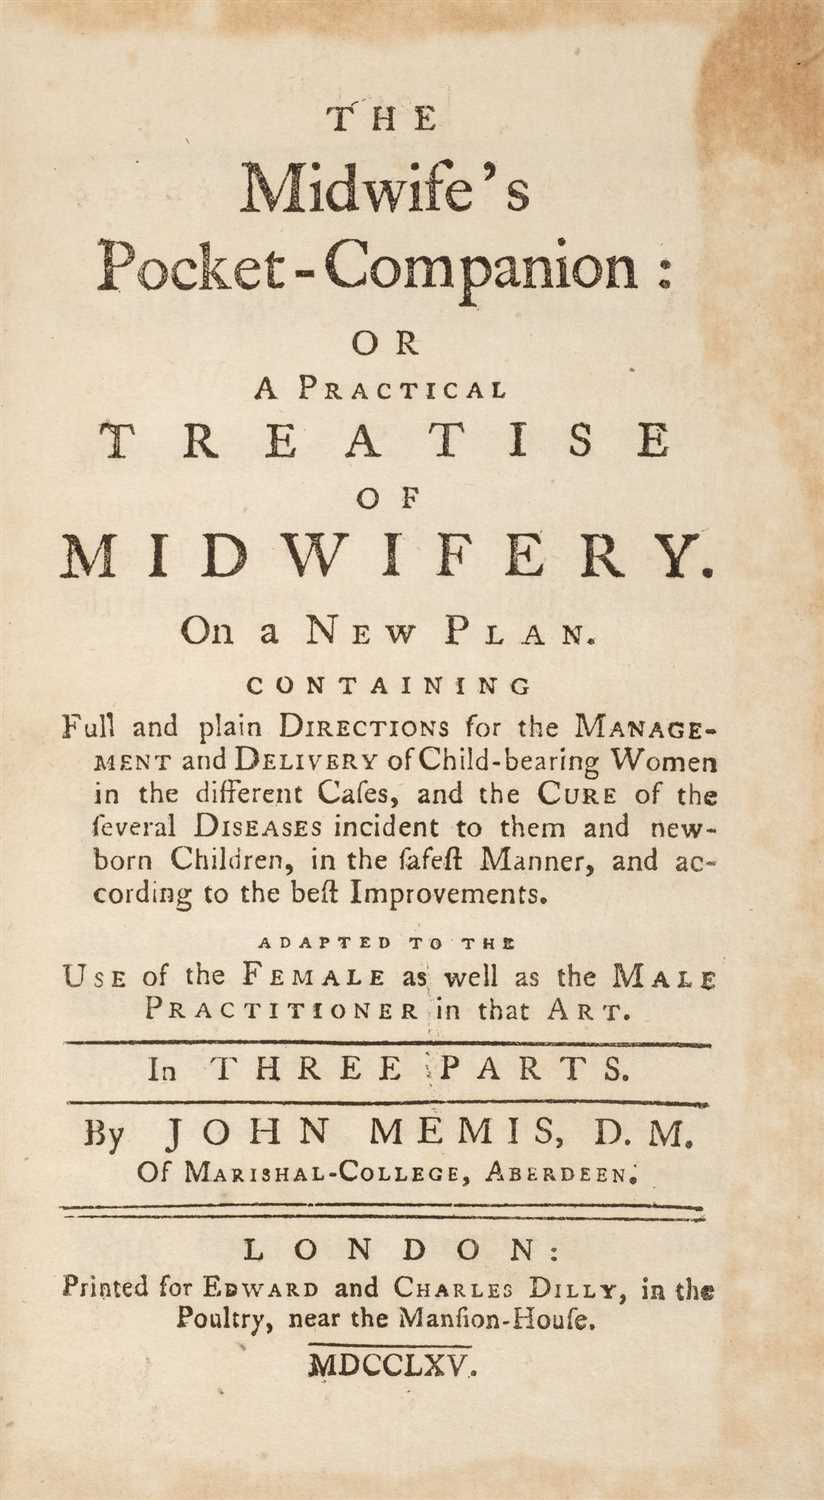 Lot 244 - Memis (John). The Midwife's Pocket-Companion, 1765
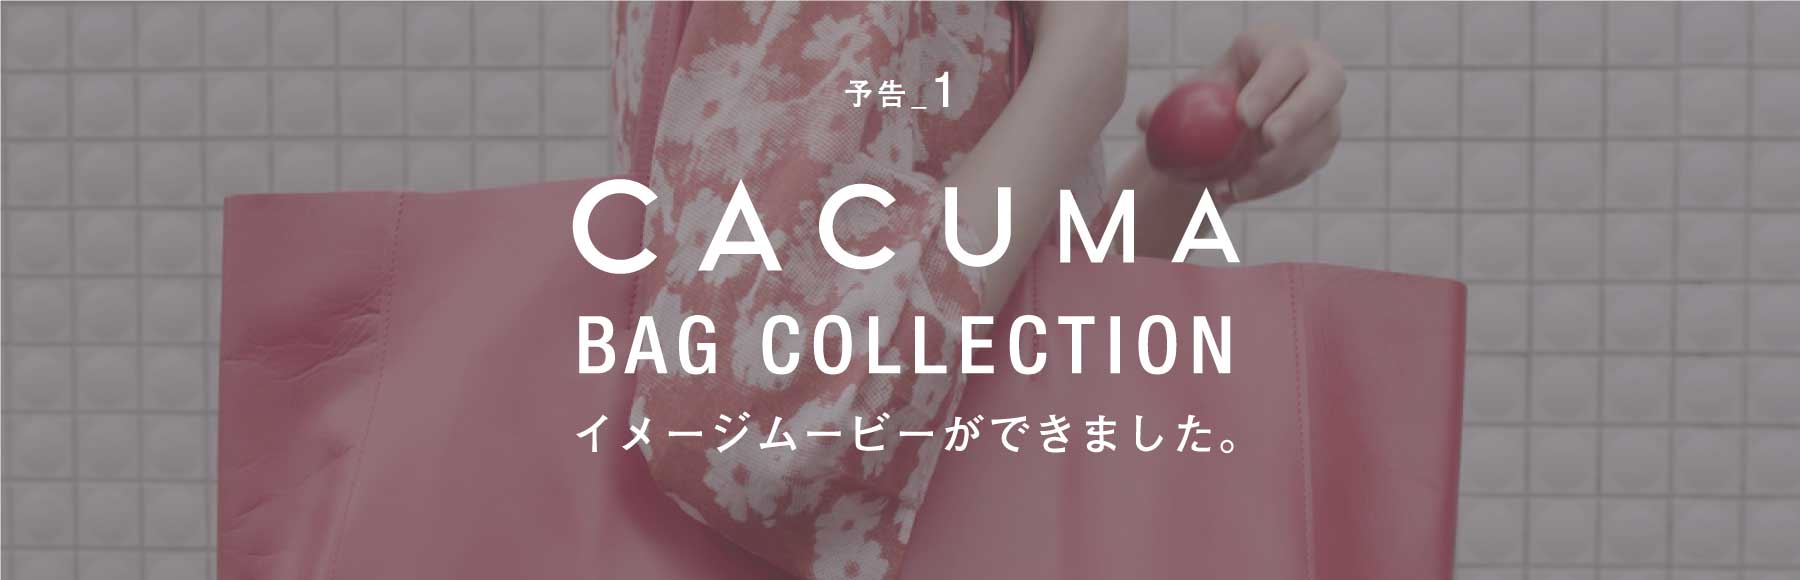 予告1 CACUMA BAG COLLECTION イメージムービーができました。
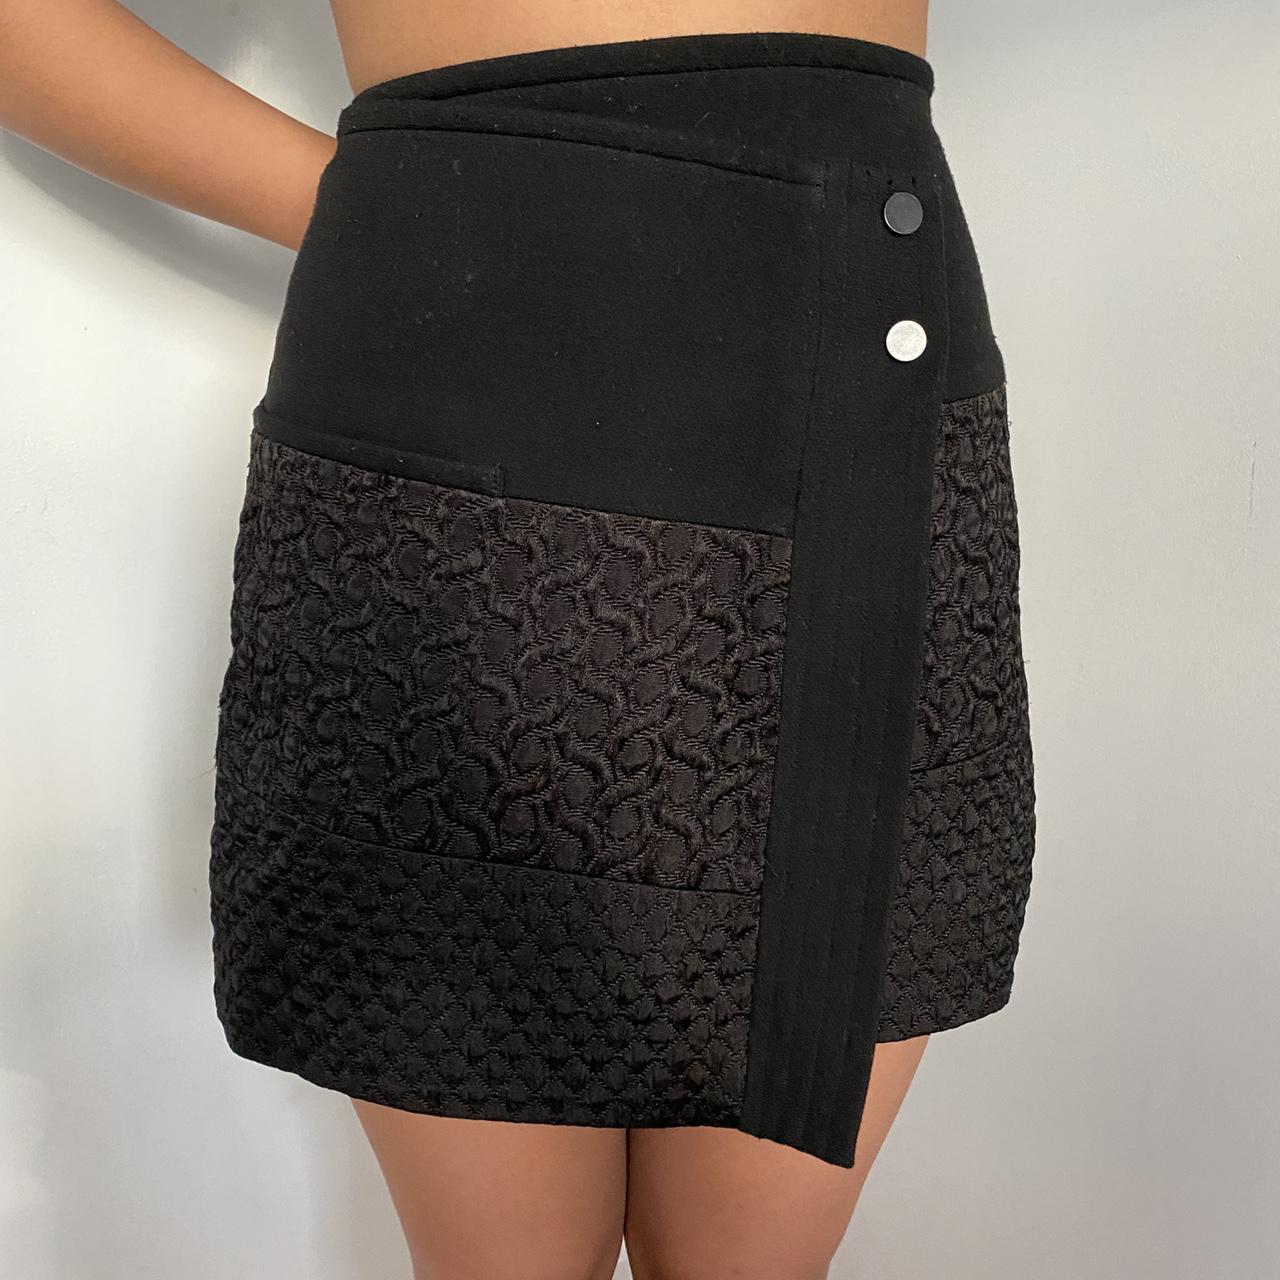 Zara Women's Black Skirt
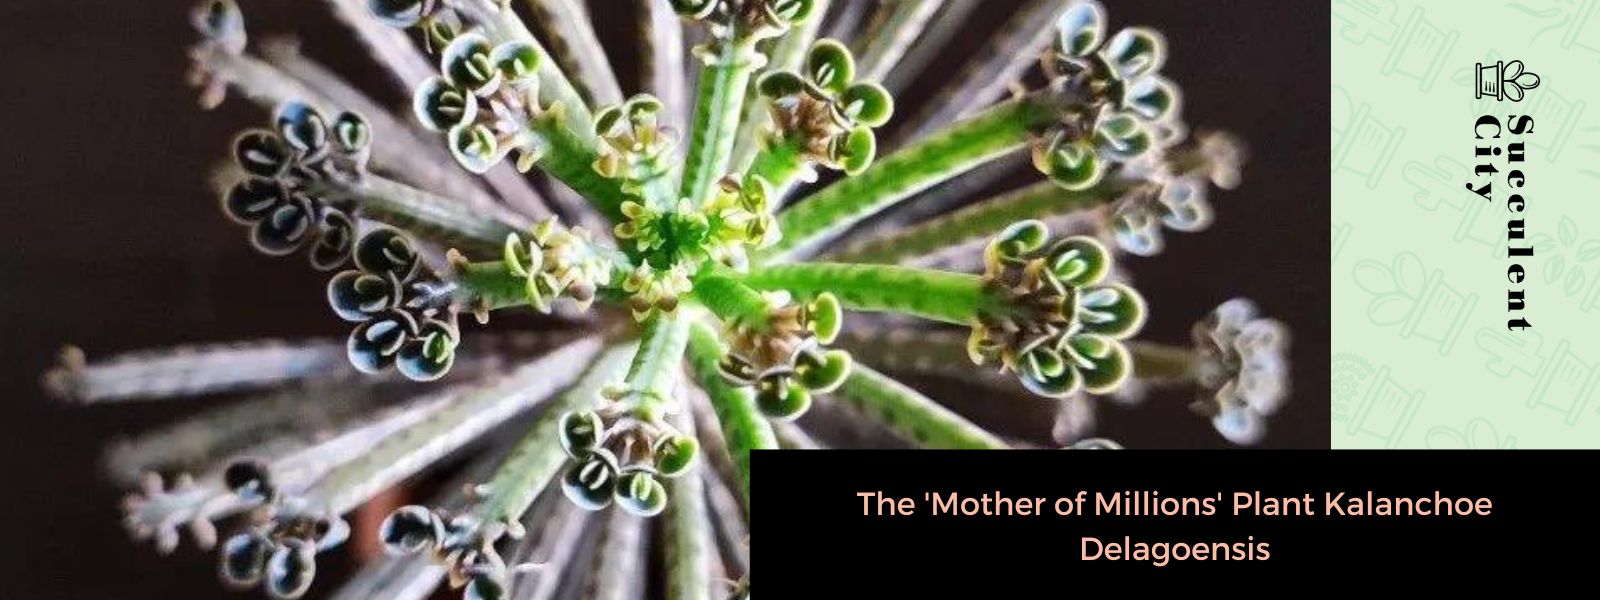 La planta “Madre de Millones” Kalanchoe Delagoensis
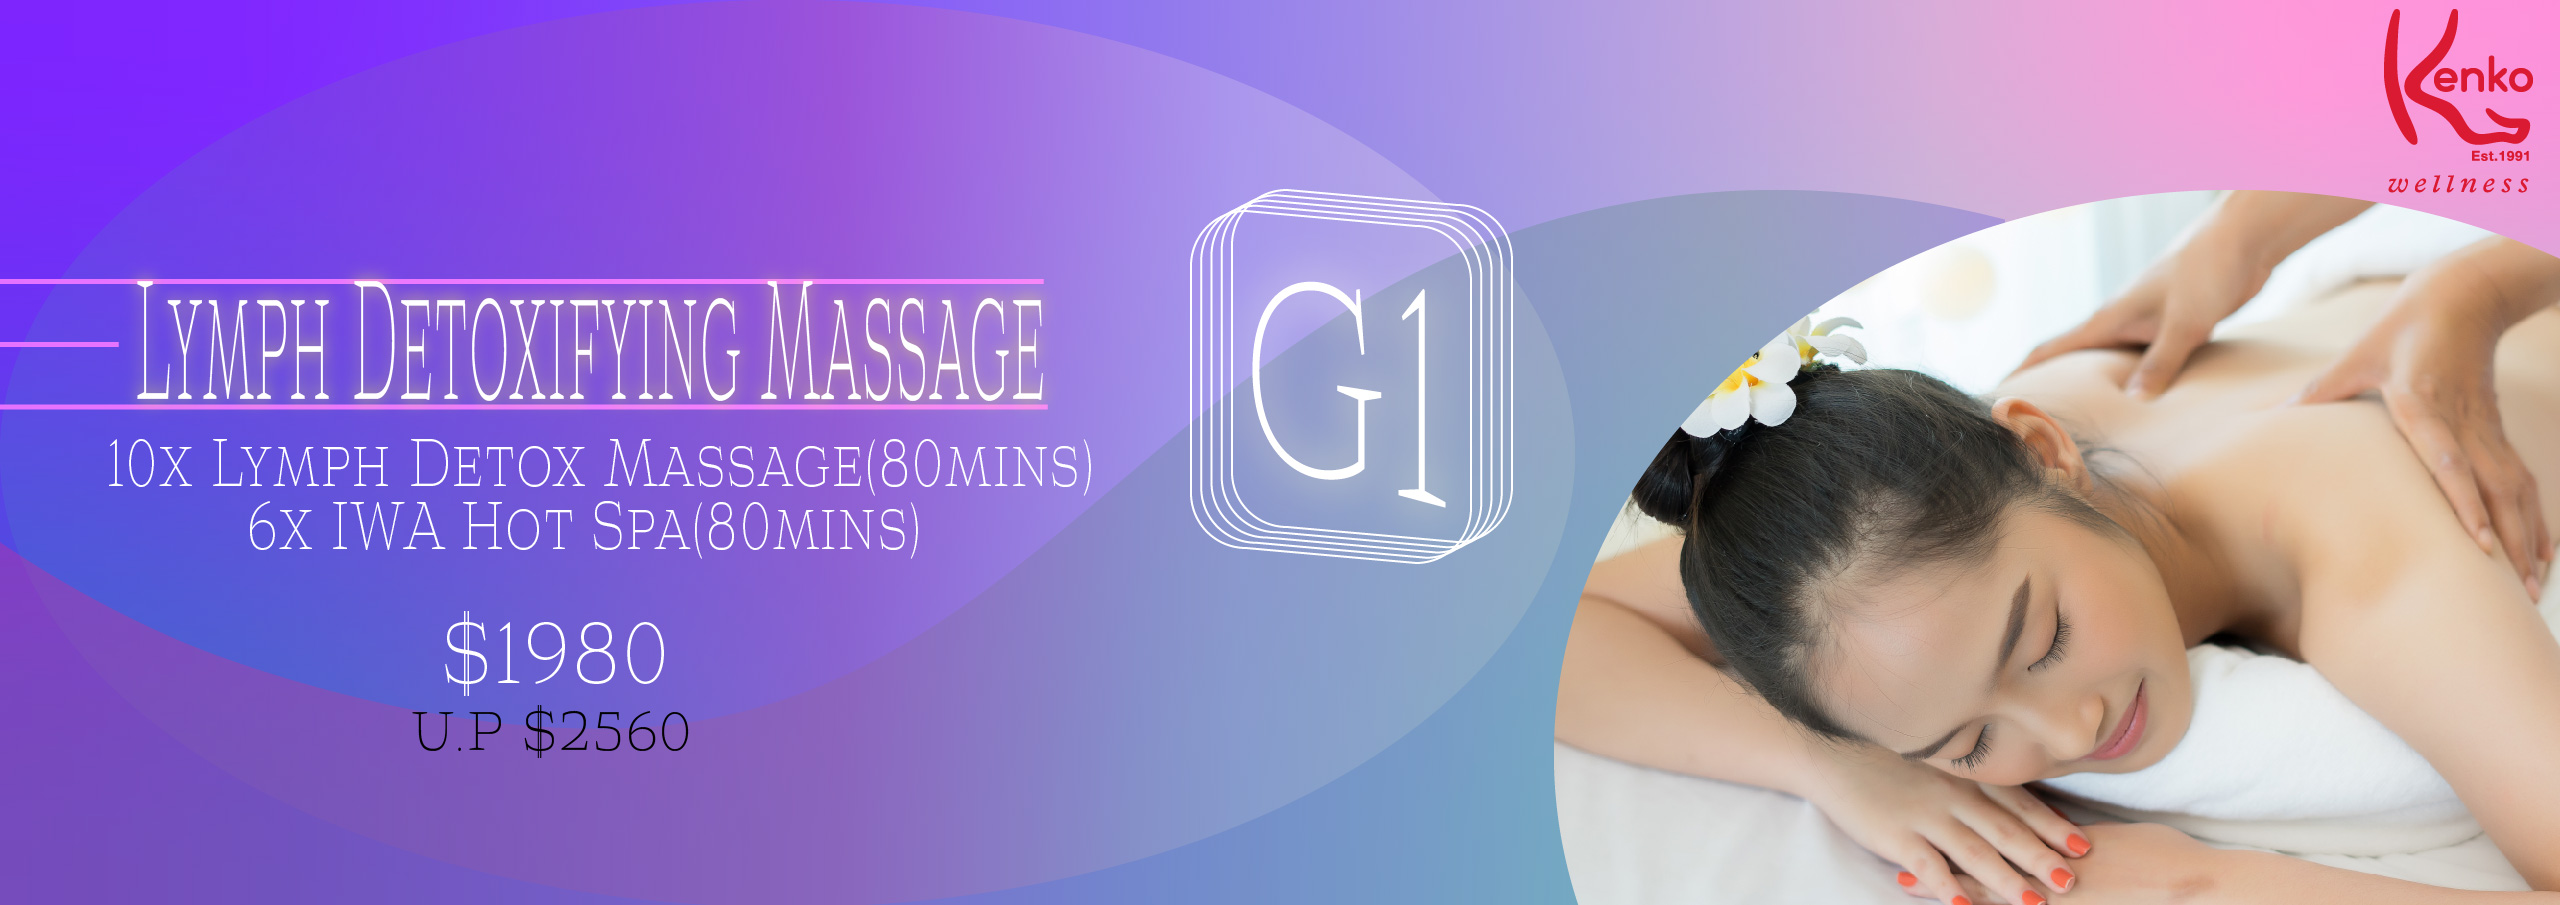 Lymph detoxifying massage package kenko spa

────────

* [Activity] The lines from the one that contains "予告1 CACUMA BAG COLLECTION イメージムービーができました。" through the end of the data, repeated exactly and with no pictures, make up the whole answer.

* [Result for this task]
 予告1 CACUMA BAG COLLECTION イメージムービーができました。
 Zara Women's Black Skirt
 La planta “Madre de Millones” Kalanchoe Delagoensis
 Lymph detoxifying massage package kenko spa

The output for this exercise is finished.